Studio album by Scritti Politti
- Released: 26 July 1999
- Recorded: 1997–1998
- Studio: The Townhouse (London, UK); Ocean Way Recording (Hollywood, California); Baby Monster Studios (New York City, New York).
- Genre: Alternative rock; rap rock; hip-hop;
- Length: 49:27
- Label: Virgin
- Producer: David Gamson

Scritti Politti chronology
| Provision (1988) | Anomie & Bonhomie (1999) | Early (2005) |

= Anomie & Bonhomie =

Anomie & Bonhomie is the fourth studio album by the British band Scritti Politti, released on 26 July 1999 by Virgin Records. The album marks a sharp departure from their previous synth-pop era and features contributions from rappers Mos Def, Me'Shell Ndegeocello, and Lee Majors of Da Bush Babees. The track "Tinseltown to the Boogiedown" was released as a single, reaching number 46 in the UK singles chart.

==Critical reception==

Anomie & Bonhomie was generally well received by critics; however, opinions regarding the reinvention of Scritti Politti's sound through its mixture with contemporary genres and vocal styles such as grunge and hip-hop, respectively, were both praised and denounced by critics.

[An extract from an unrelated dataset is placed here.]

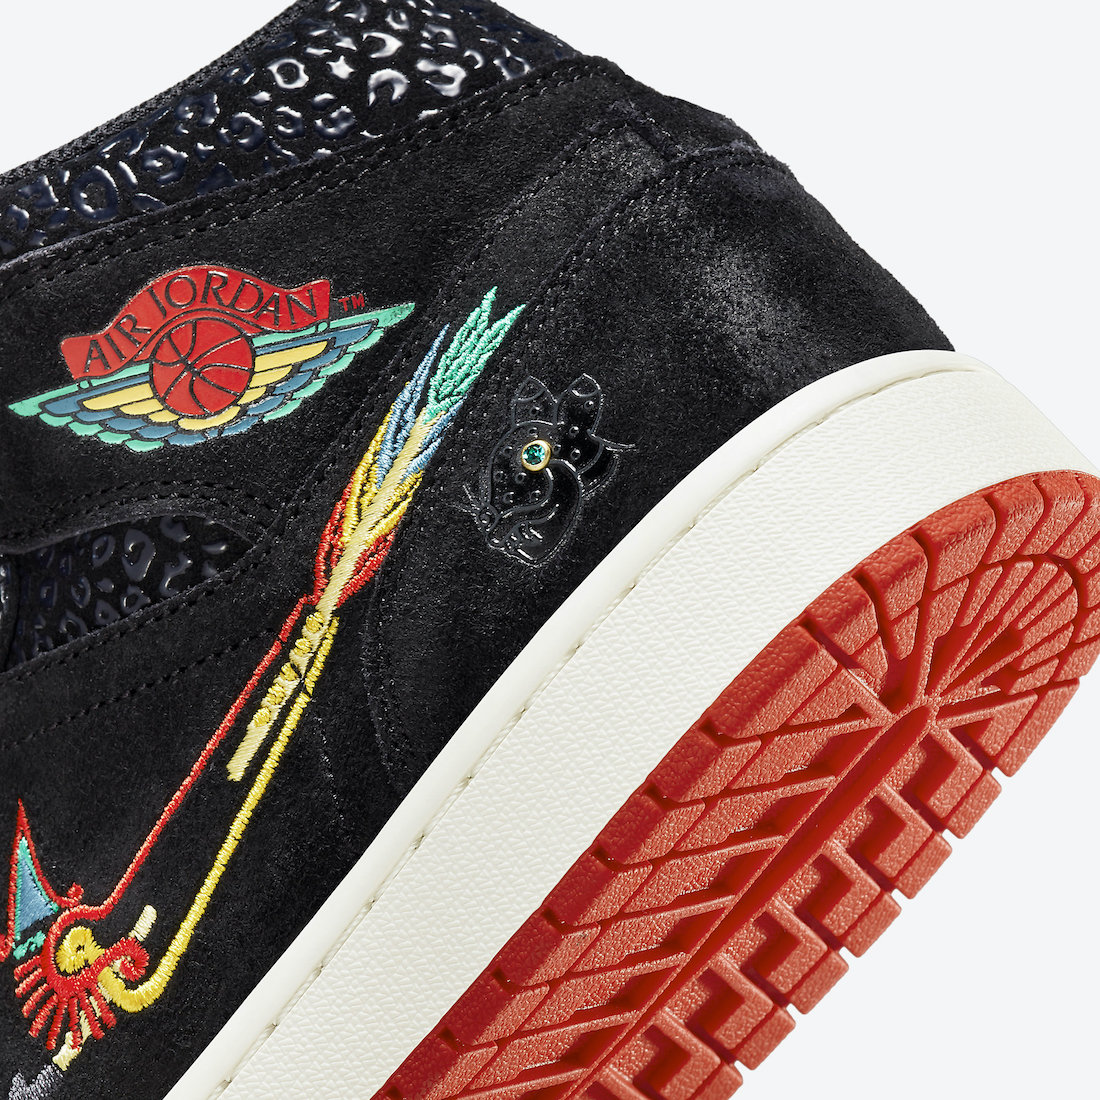 DN4904-001,AJ1,Air Jordan 1 DN4904-001 又凶又帅!亡灵节 Air Jordan 1 Mid 官图来了!本月发售

Writing for AllMusic, Stephen Thomas Erlewine said that of the contemporary "updates" that "rapper cameos, vague house beats, grunge guitars -- sound as if they're pasted over backing tracks from 1986. Not necessarily a bad thing, but disconcerting, since the heart of this album is squarely in 'Cupid & Psyche 85' territory." Ultimately he concluded: "'Anomie & Bonhomie' [...] remains faithful to the sophisti-pop aesthetic the band pioneered in the mid-'80s."

NME stated that frontman Green Gartside successfully takes influences from contemporary genres such as grunge and hip-hop and "hammers" them into the Scritti aesthetic, concluding, "Gartside has returned with an album as glossy, eccentric and beguiling as he's ever made"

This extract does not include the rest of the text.